A vida que tudo assistiu resolveu me auxiliar e num vento forte me devolveu à metrópole desumana da qual me exilei. E aqui novamente me colocou no carreiro, qual uma formiga, tão somente para cumprir a etapa que pulei.

Espernear sempre foi o que soube fazer melhor. Mas estando em caminho estreito espernear causa ferimentos e dor, por isso me contive. Andei no meu lugar, após uma infinidade de outros que seguem a mesma fila.

Tudo que era pesado demais eu abandonei. Liberei meus braços das correntes dos compromissos assumidos que nunca seriam cumpridos, por falta de tempo, de engenharia de vontade própria.

Os grossos fardos foram deixados à margem para que outros se utilizassem deles, já que eu nunca os usara.

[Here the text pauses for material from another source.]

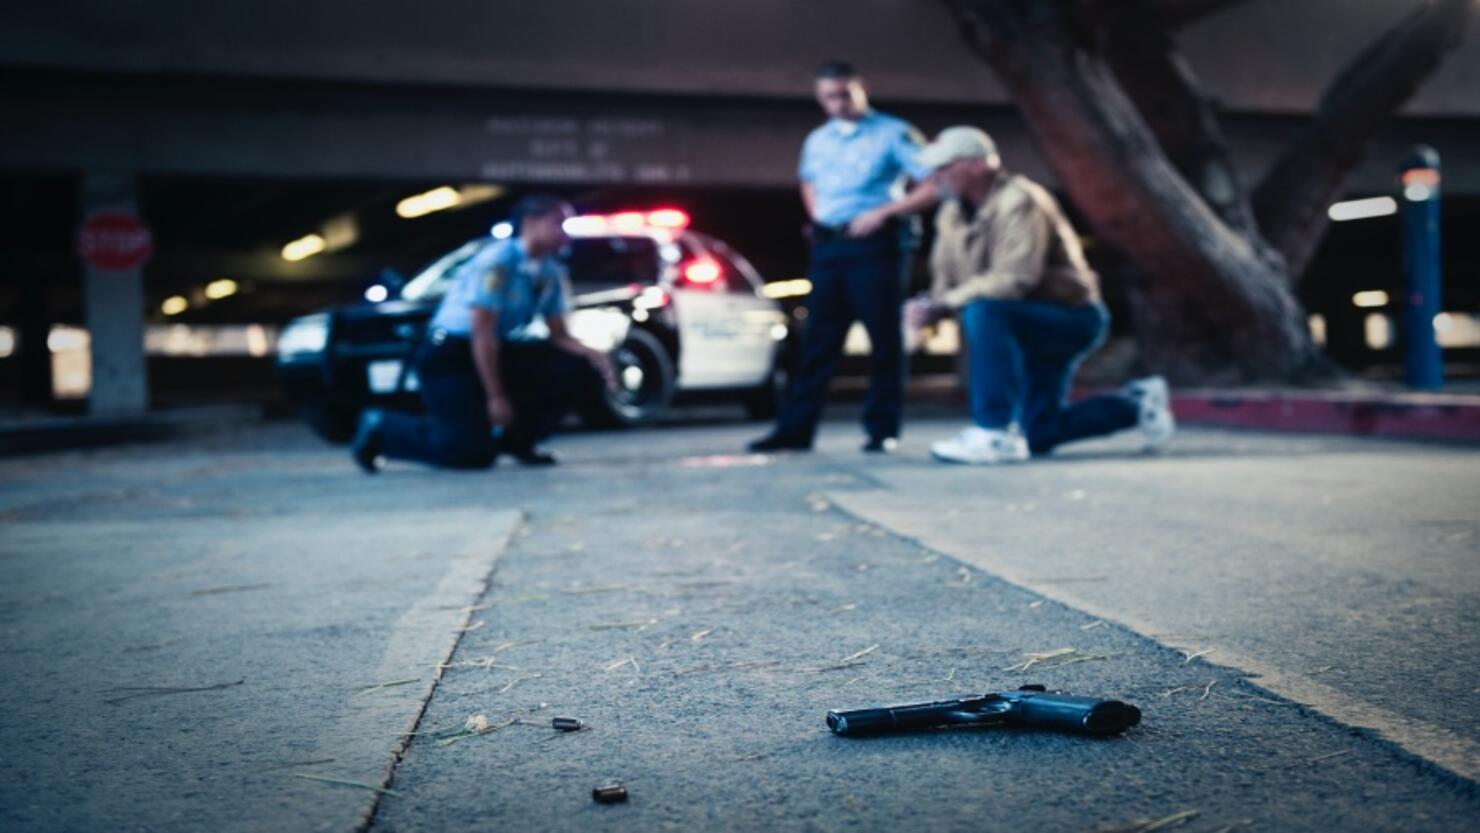 Police examining crime scene with gun on ground

A morada linear e amarela ficou no pensamento para dar lugar à longínqua vivenda ensolarada ladeada de escadas, para onde se volta todas as tardes e se chega quando a noite já se derrama.

A mesa dividiu-se em pequenos quadrados e me abriga um deles, com olhar azulado em minha frente, negros cabelos à minha esquerda e a direita uma vazia cadeira, cercada por aparelhos que vomitam números e cifrões todo o tempo.

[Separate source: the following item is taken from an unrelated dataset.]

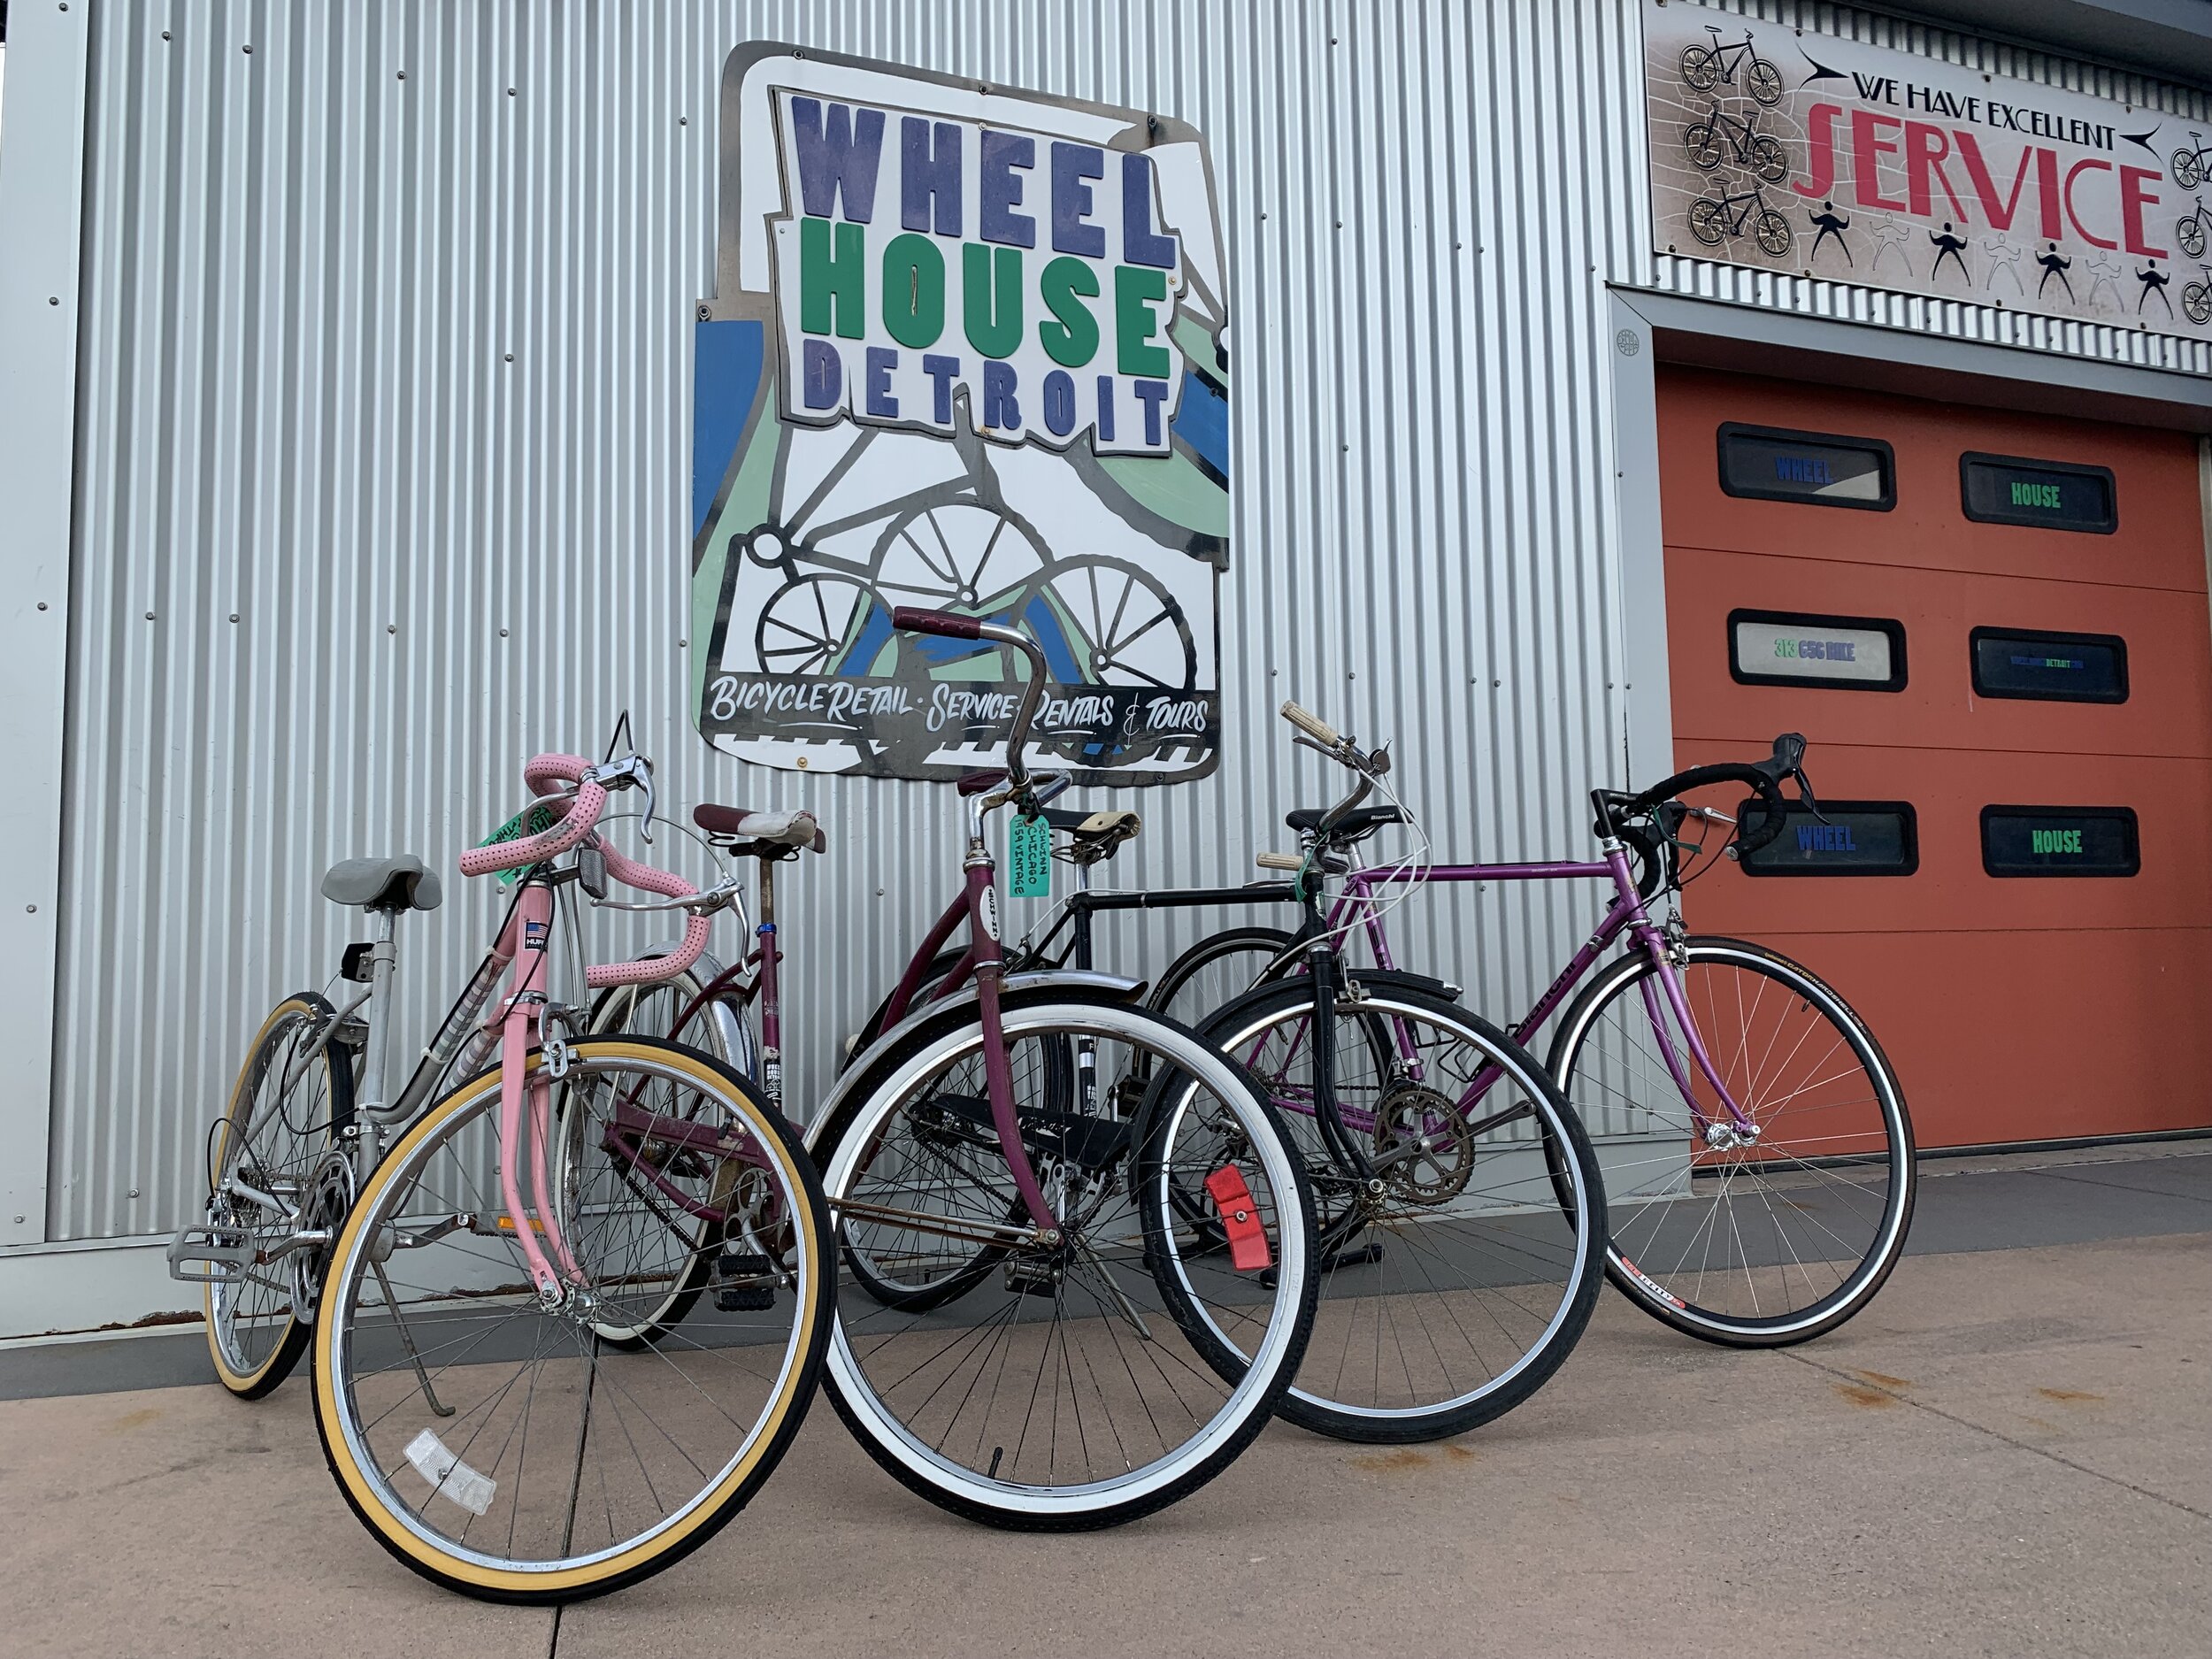 July Used Bike Sale — Wheelhouse Detroit

Meses de silêncio e desconfiança, me sinto ancha, farta de palavras que guardo em meus pensamentos reticentes e esquivos. Vertendo o veneno da revolta, me depurando a cada manhã de sono, cujos raios de sol me aqueciam os membros e faziam fechar os meus olhos.

O vertiginoso movimento me forçou a andar mais rápido e eu andei. Um cartão de conta corrente, titulo de capitalização, aspirador de pós aos sábados, roupas brancas lavadas separados dos fragmentos do arco íris.

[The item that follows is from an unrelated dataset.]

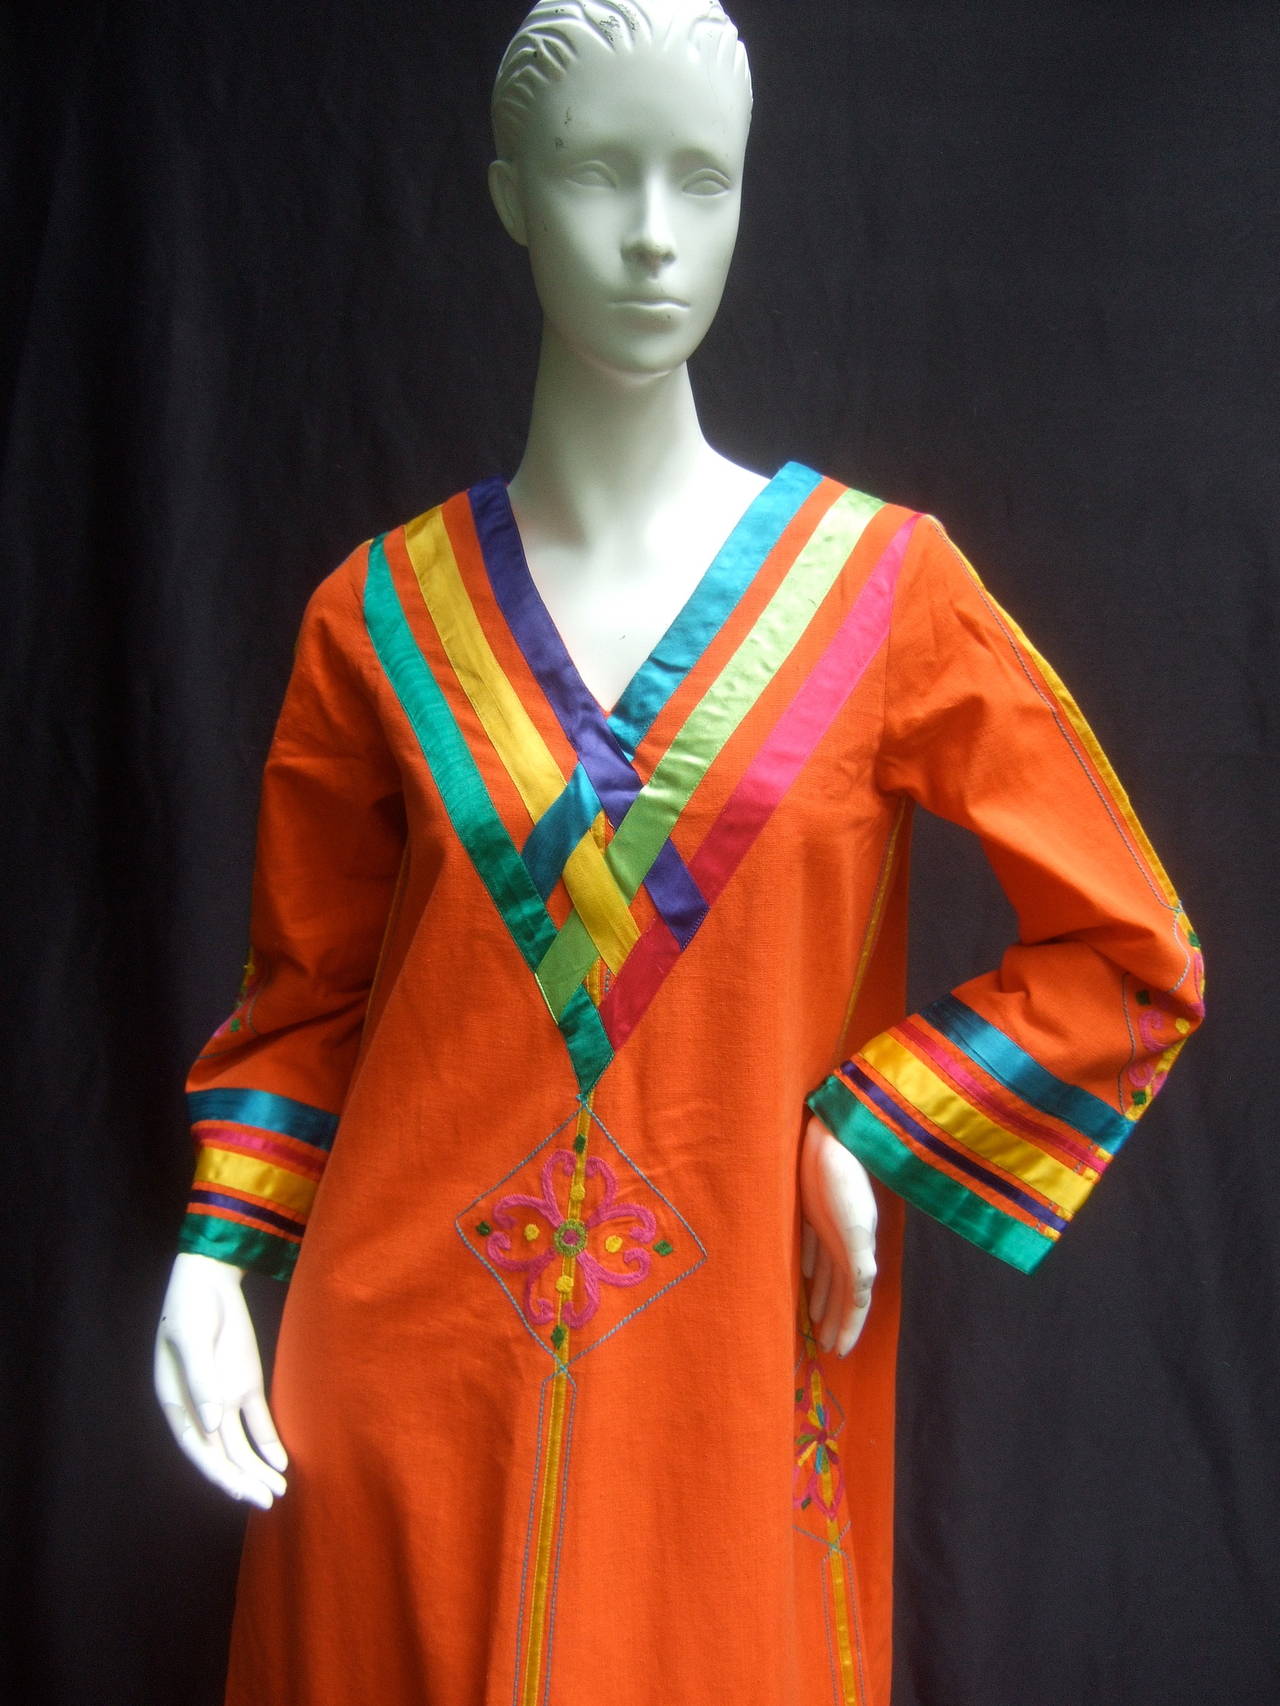 Women's Vibrant Mexican Festival Tangerine Cotton Caftan Designed by Joesfa c 1970s

O tempo controlado, sem pressa, evidenciado o fato de que nada é como antes, tudo está desigual e diferente, nem por isso pior.

Respirar um ar enxuto, verdugo e quente. Buscar a água na fonte, armazenar nos coxos para levar as águas servidas.

Praticar as regras sem emoção.

Não votar por decisão. Desistir por desencanto com o Estado que é o avesso, um molambo do filó transformado.

Redimir as dividas, com bônus parcelados. Alívio, sono profundo de reparo de nutrir as células e combater as rugas.

Ordem na vida. Ordem nas horas. Ordem bem recebida porque sabiamente é dada.

Ordem e progresso, estão estampados em minha bandeira no formato de triângulo, dobrada, que jaz bem guardada na gaveta embaixo das roupas íntimas.

Ordem parecerá escárnio, mas, surpreendentemente é um obrigado.